Sex hormone genes could determine a person’s gender identity
A person’s genes can show if they are predisposed to be transgender, new research has suggested.
The study, titled “A genetic link between gender dysphoria and sex hormone signalling,” was published in the peer-reviewed The Journal of Clinical Endocrinology & Metabolism on September 21.
It found that trans people’s sex hormone genes tend to look different to those of cisgender people and produce different physiological results.
This research adds to several previous studies that indicate that being transgender is a matter of a person’s biology—such as the University of São Paulo’s Medical School research, released last year, which found that the brains of trans and cis adults are significantly different.
It discovered that a region of the brain called the insula had a distinct volume, depending on whether it was in the brain of a trans or cis subject.
This latest research, which looked at 380 trans women and 344 cis men in Australia and the US, has revealed a significant link between genes for sex hormones and whether someone is a cis man or a trans woman.
While the make-up of the several specific genes analysed by researchers does not guarantee that the subject will or won’t be trans, it makes it much more likely.
In May, a study conducted by Dr Julie Bakker at the University of Liège’s Laboratory of Neuroendocrinology revealed that a brain scan can reveal someone’s gender identity.
Both the physical content and actions of a subject’s brain can show that they are trans, even before they’ve started puberty, it was discovered.

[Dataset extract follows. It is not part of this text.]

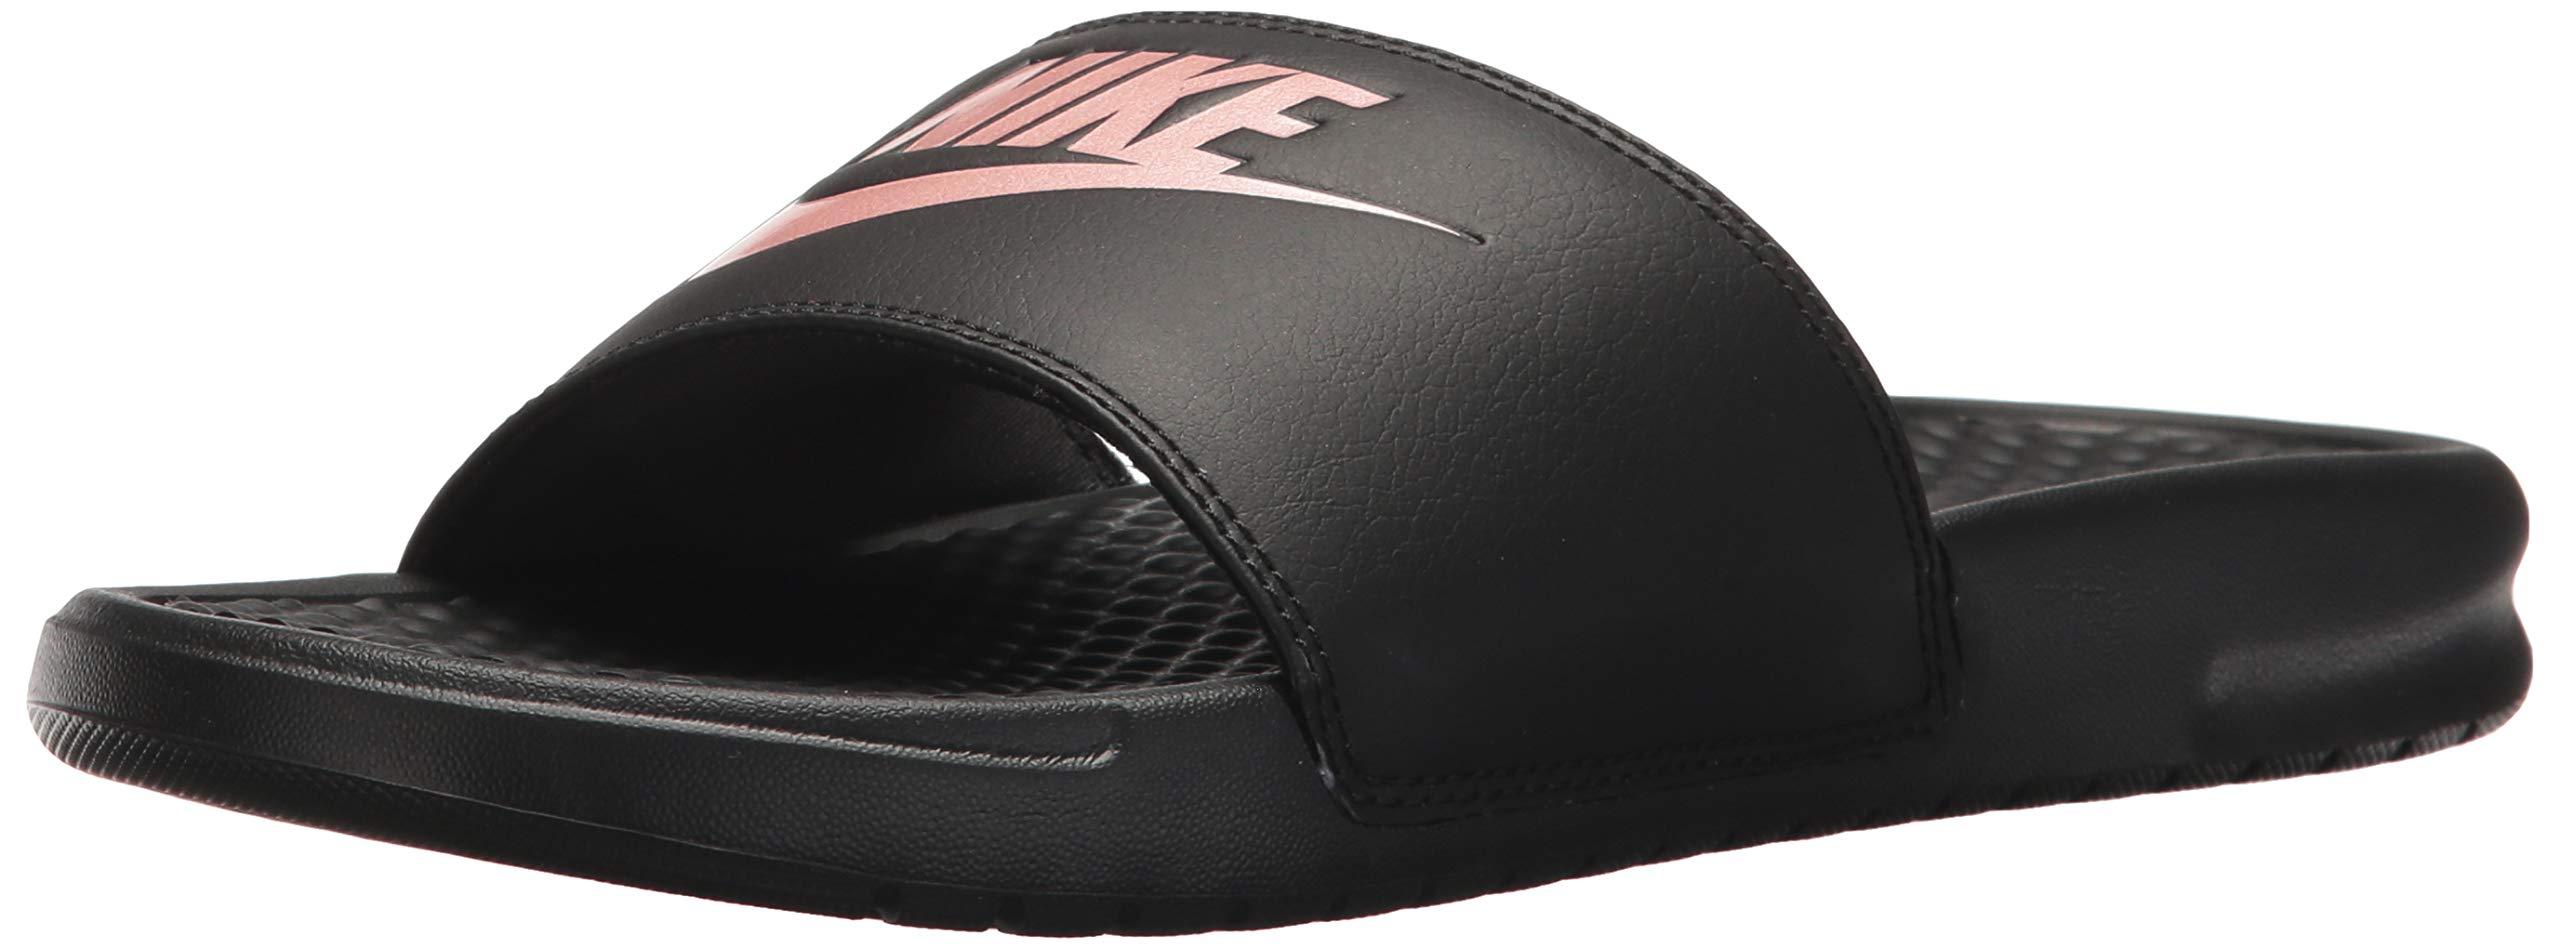 Nike Women's Benassi Just Do It Sandal, Black/Rose Gold, 8 Regular US by Nike

Bakker explained in her study that the scans’ results corroborated subjects who reported having gender dysphoria.
The professor said that this “supports the hypothesis of a sex-atypical brain differentiation in these individuals.”
And in February, another piece of research found that the way a child as young as five speaks can indicate their gender identity.
Children of different genders have no physiological reason to sound different before puberty, but they do anyway—and researchers now found that this was because they choose which adults’ speaking styles to imitate.
The patterns they decide to copy can show whether or not they have gender dysphoria.
Professor Ben Munson of the University of Minnesota found of the 96 children he analysed—some of whom had been diagnosed with gender dysphoria—a child who lisped or used a clear, hyper-correct manner while pronouncing an ‘s’ was more likely to have gender dysphoria.
And allowing children to be their true selves is crucial, according to a study from last year which found that trans kids with supportive relatives and friends were no more likely to have depression than their cis peers.